Property of the Firm

You know that all partners are joint owners of the property of the firm (unless there is all agreement to the contrary) and it should be held and used exclusively for the firm by the partners, Hence, it becomes necessary to ascertain what constitutes the property of the firm. 




Normally the partners, by an agreement, are free to determine as to what shall be the property of the firm and what shall be treated as a separate property of one or more of the partners. But, when there is no such agreement, and you want to know whether a certain property is the property of the firm or not, you will have to ascertain the source from which the property had been acquired, the purpose for which it was acquired and the manner in which it has been dealt with. According to Section 14, when there is no contract to the contrary, the property of the firm includes:

i) all properties, rights and interests originally brought to the stock of the firm,

ii) the property acquired by purchase or otherwise by or for the firm,

iii) the property acquired with money belonging to the firm, and

iv) the goodwill of the business of the firm.

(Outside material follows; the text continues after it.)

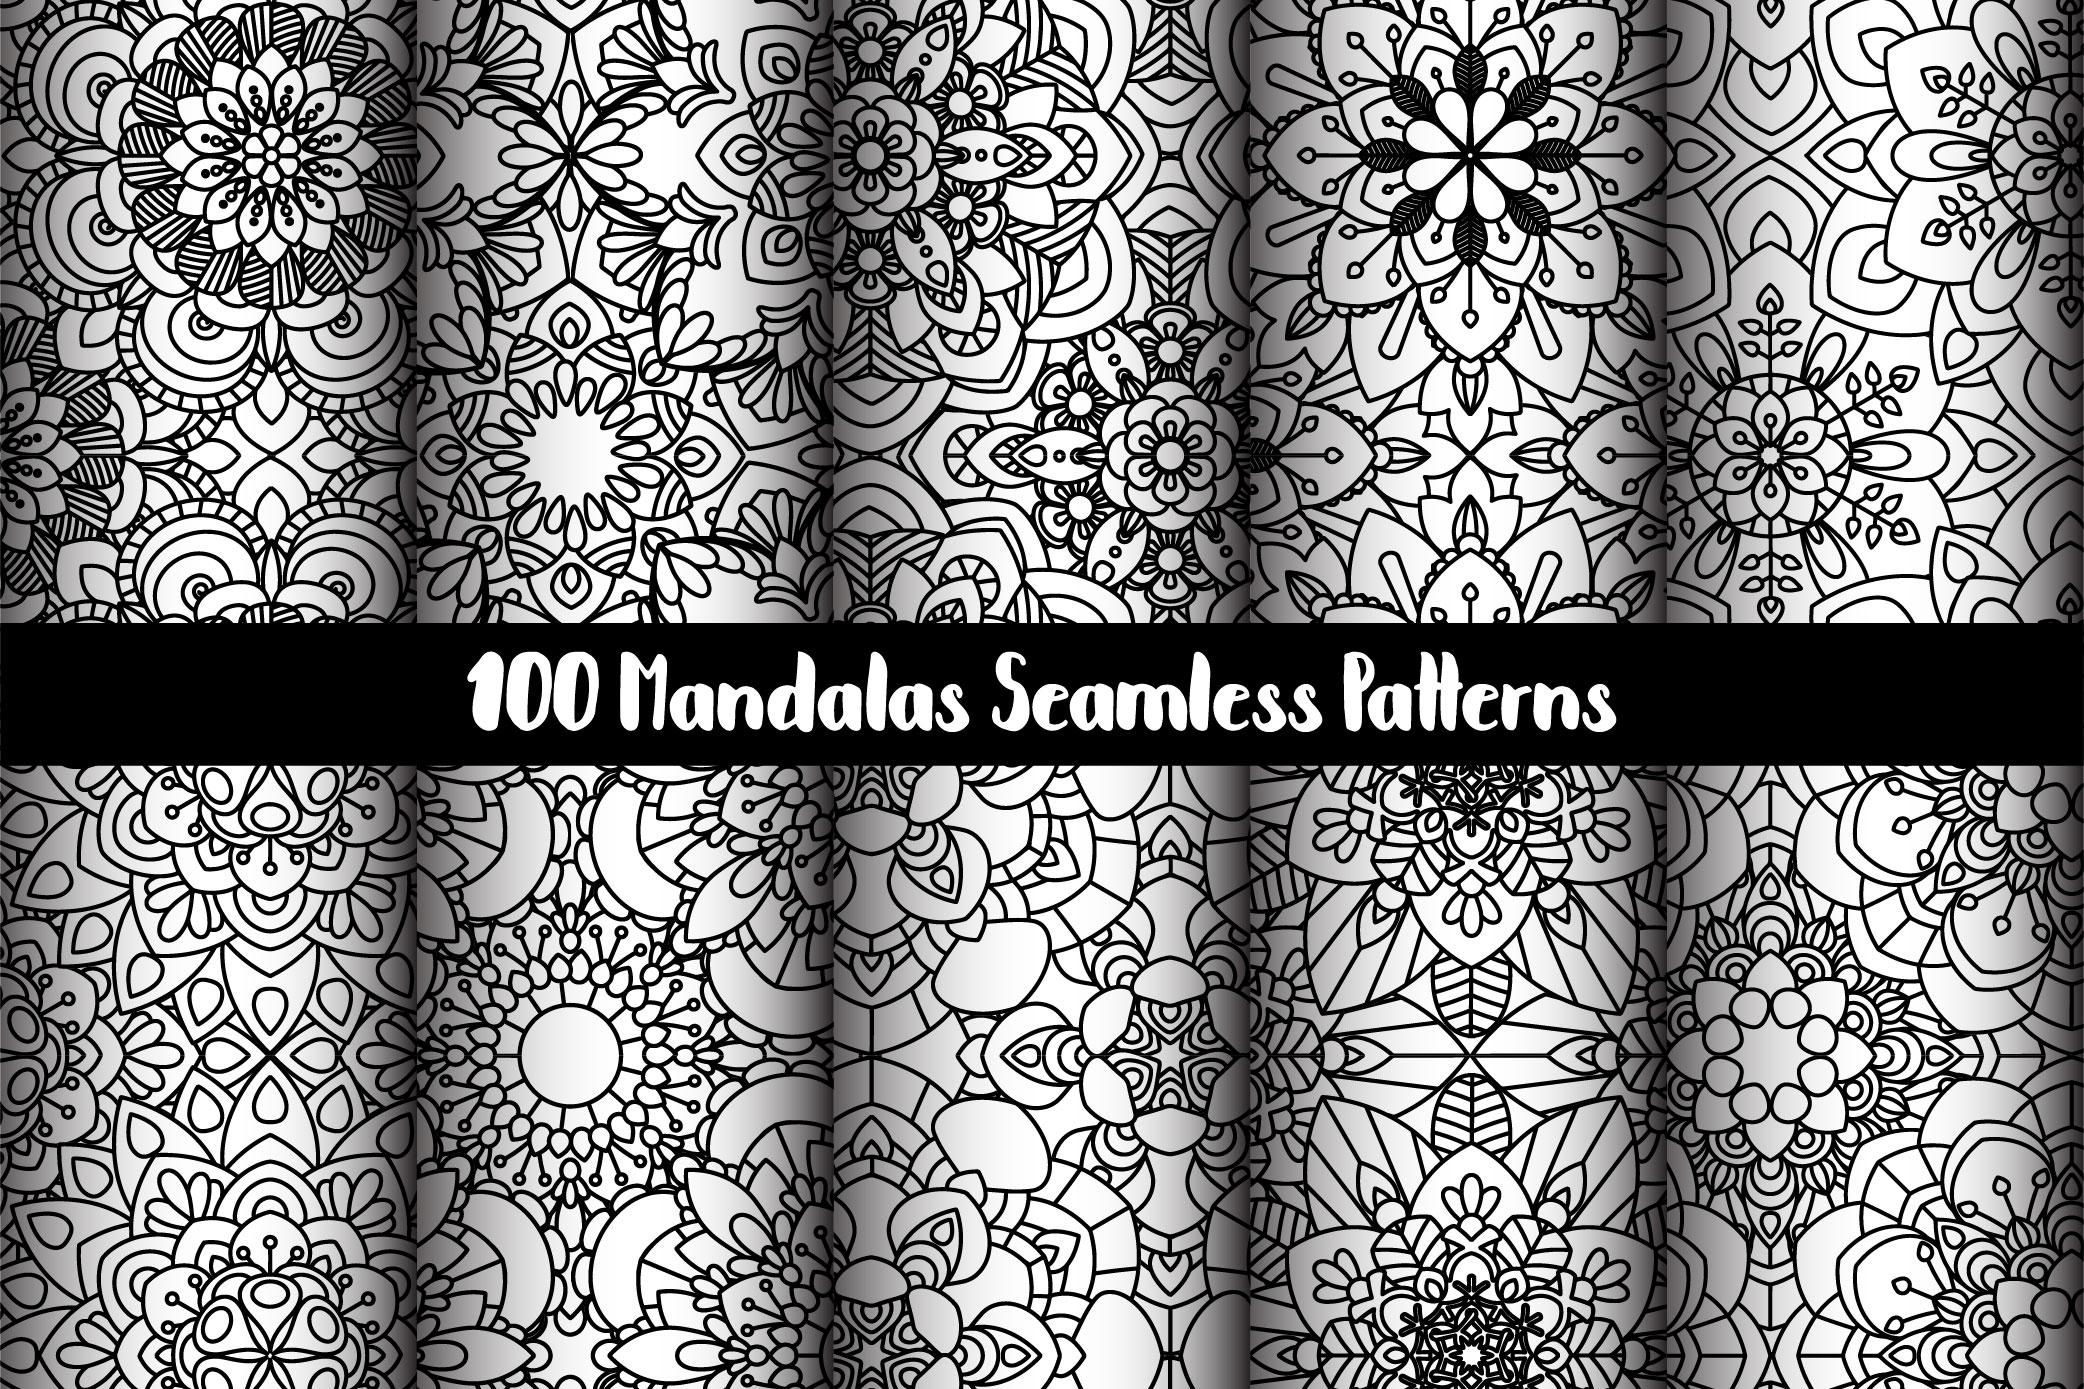 100 Mandalas Seamless Patterns example image 12

Thus, whatever is brought to the common stock of the firm and whatever is added to or obtained by means of this common stock during the continuance of partnership either directly or by conduct of business, is included in the property of the firm unless a contrary intention can be shown. However, if a partner’s property is used for the purpose of the business of the firm it does not automatically become the property of the firm. It can only become the property of the firm if the partners show an intention to make it so. For example, a piece of land which is bought in the name of one partner but is paid for by the firm (or out of the profits of the firm) shall be deemed to be the property of the firm unless there is an intention to the contrary. Similarly, if two persons take a lease of a coal mine for the purpose of working it in partnership, the lease will be treated as the property of the firm.

 

Relation Of Partners with Third Parties

Mutual agency is an essential element of partnership. Each partner acts both as the agent and the principal. It is this position of the partners which governs their relationship with the third parties. Section 18 clearly states that from the point of view of the third parties, a partner is an agent of the firm, for the purposes of the business of the firm. In that capacity, he binds all other partners by his acts done on behalf of the firm provided these are done in the ordinary course of business and in the name of the firm. So, all partners are liable to third parties for such acts.